The experimental results demonstrate that each module enhancement in MF-Net contributes to improving the detection performance for small targets. Notably, the LFA module significantly boosts the detection accuracy of pedestrians and cyclists while reducing false detections by encoding echo strength feature information. The PS module, which combines D-FPS and SC-FPS, effectively retains small-target points and alleviates data imbalance. Additionally, the FPN extracts multiscale features of small targets to further enhance detection accuracy. To validate the effectiveness of MF-Net in detecting small targets, we utilize Open3D to visualize the KITTI test set data. As shown in Figure 13, MF-Net’s detection accuracy for pedestrians and cyclists decreases as detection difficulty increases, but this decrease is less pronounced than in other models. This suggests that MF-Net maintains stable detection capabilities and demonstrates strong adaptability to varying scales, especially for small targets. This robustness likely comes from MF-Net’s unique approach of combining point and column features, which enriches the feature representation for smaller objects. Figure 14 illustrates MF-Net’s detection results, with 3D bounding boxes marking detections: green for vehicles, blue for pedestrians, and yellow for cyclists, each labeled to show the target’s orientation. The side of each frame marked with crossed lines indicates the direction the target is facing.

Figure 13.

Detection accuracy of different networks under varying task difficulties. The red line represents the average detection accuracy of the cyclist while the blue line depicts the average detection accuracy of the pedestrian.

Figure 14.

MF-Net detection results. (a) 2D image data under the current frame; (b) Corresponding point-cloud data. MF-Net = multifeature fusion small-target detection network; 2D = two-dimensional.

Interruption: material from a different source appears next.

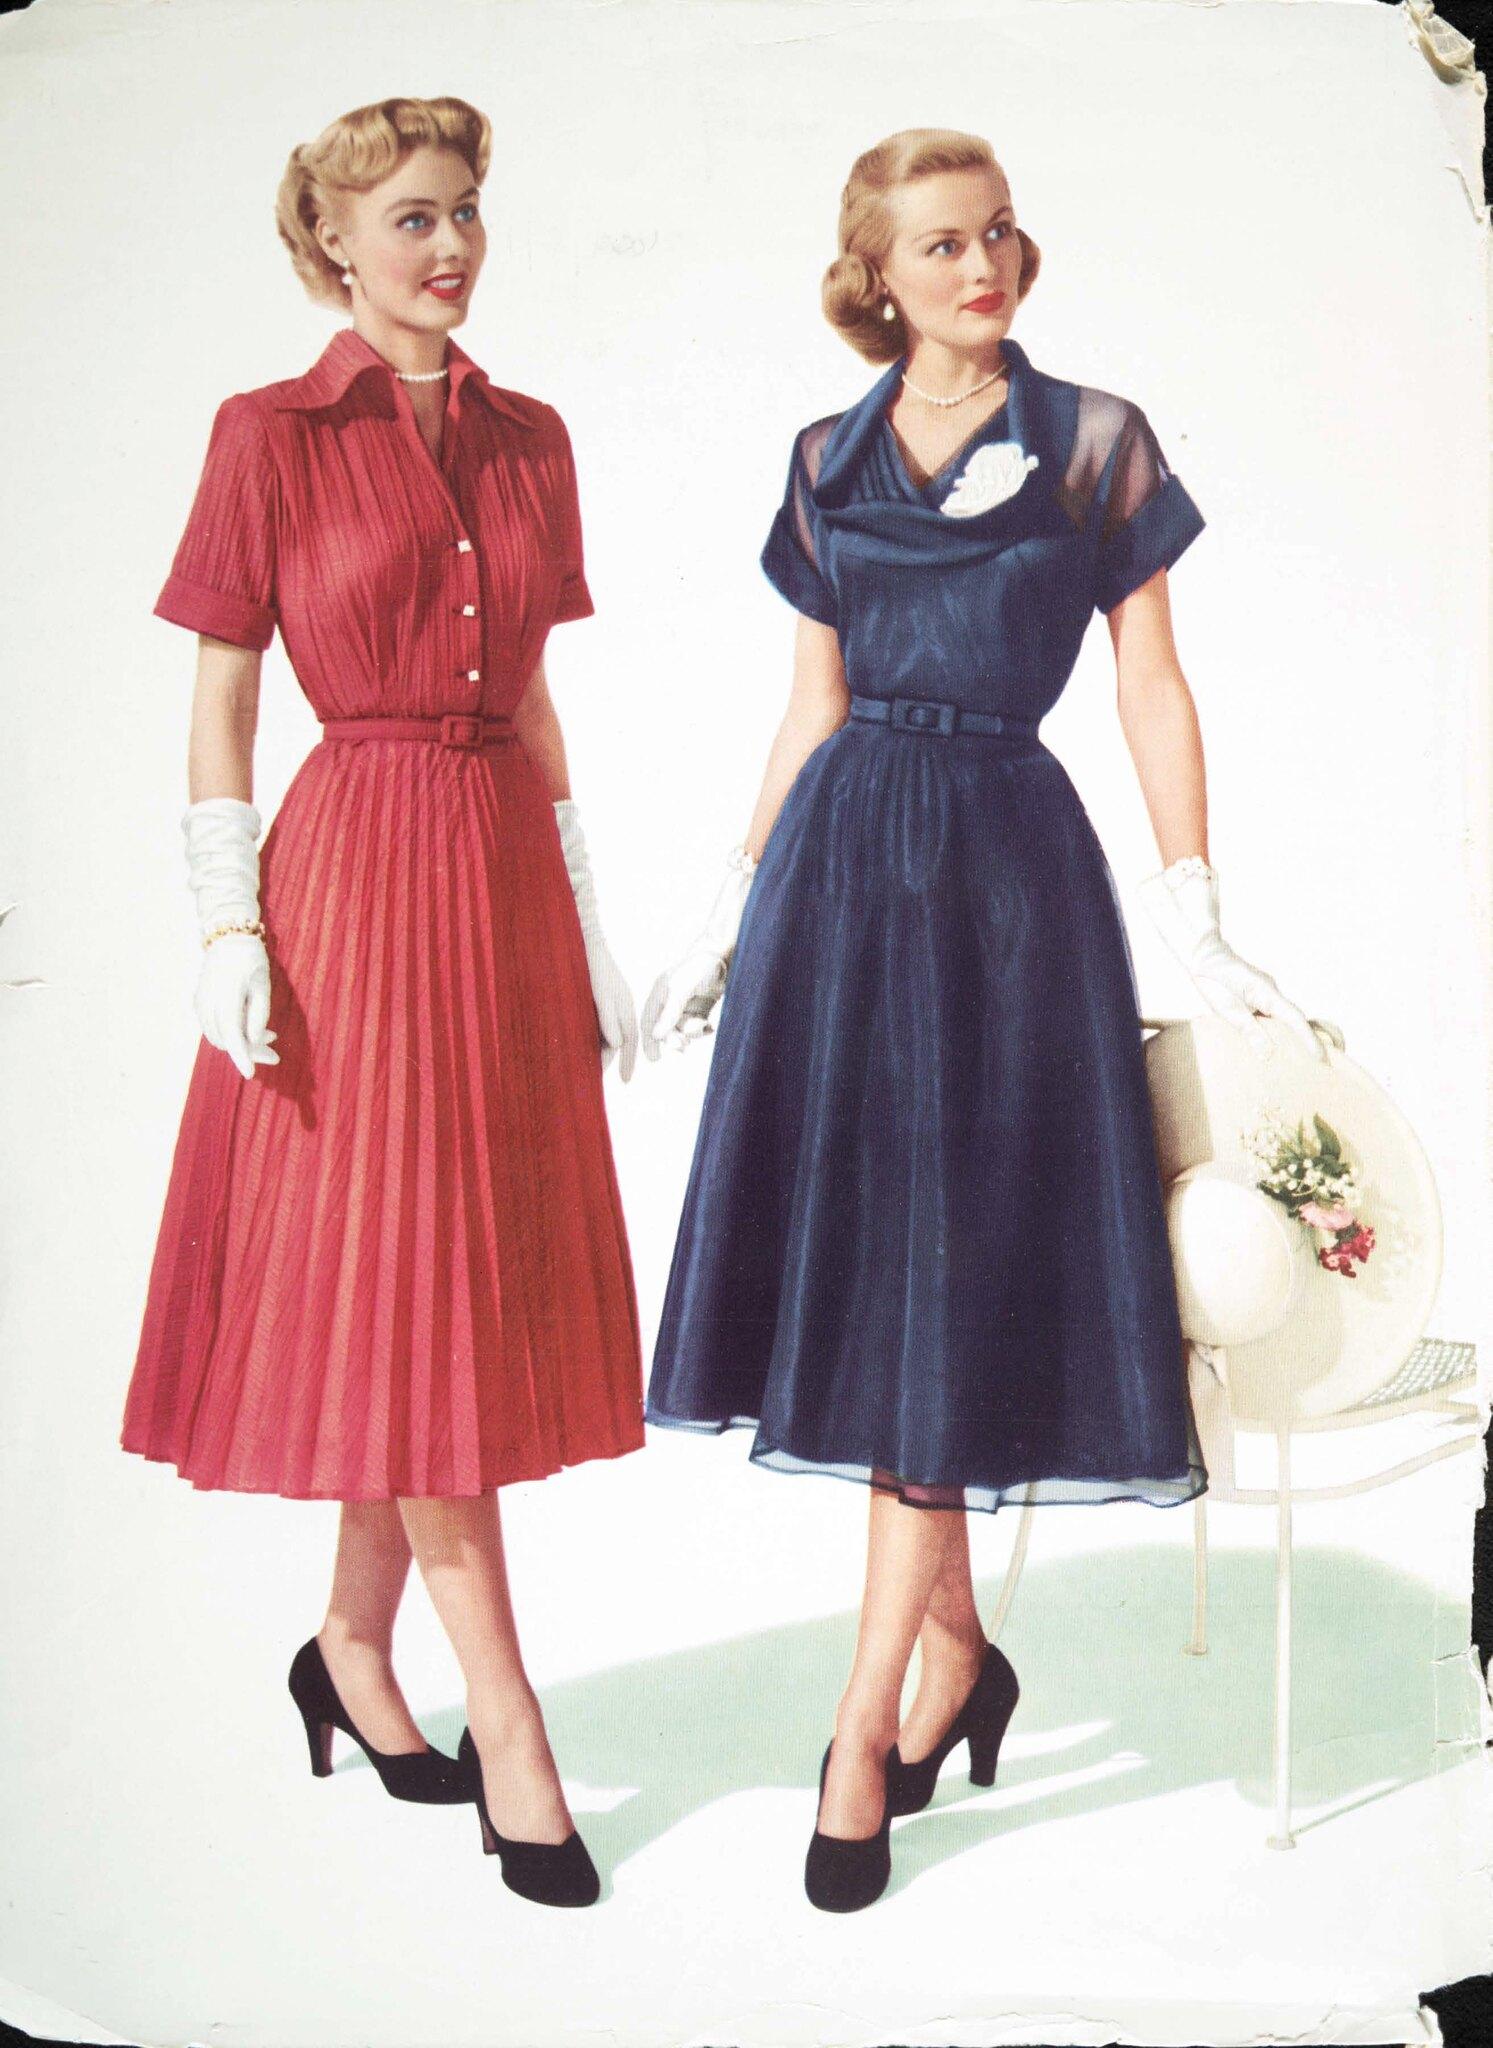 vintage for concert on 1940s 1940s fashion

In this paper, the optimal detection models of MF-Net and the baseline network are used to detect the test set. The detection results of the two models are visualized, and the samples in three different scenes as shown in Figure 15 , Sample 1, Sample 2, and Sample 3 are selected, Sub-figure (a) is the scene graph of the current frame, sub-figure (b) is the effect graph of the PointRCNN network model detection, and sub-figure (c) is the effect graph of the effect image of MF-Net network model detection. Because pure point-cloud data were used and the relevant information could not be represented visually, the current frame scene graph captured by the front-view camera was used to compare the LIDAR detection results.

Figure 15.

Comparison of visualization results of different samples.(a) Scene graph of the current frame; (b) Effect graph of PointRCNN network model detection; (c) Effect graph of MF-Net network model detection. MF-Net = multifeature fusion small-target detection network

In Sample 1, both models struggled to detect a heavily occluded and distant pedestrian within the orange circle. However, MF-Net demonstrated its superiority by successfully detecting two other pedestrians at long distances and accurately determining their motion directions. In contrast, PointRCNN missed these pedestrians due to the sparsity of the point cloud. Furthermore, PointRCNN incorrectly identified walls as pedestrians, while MF-Net avoided such misdetections.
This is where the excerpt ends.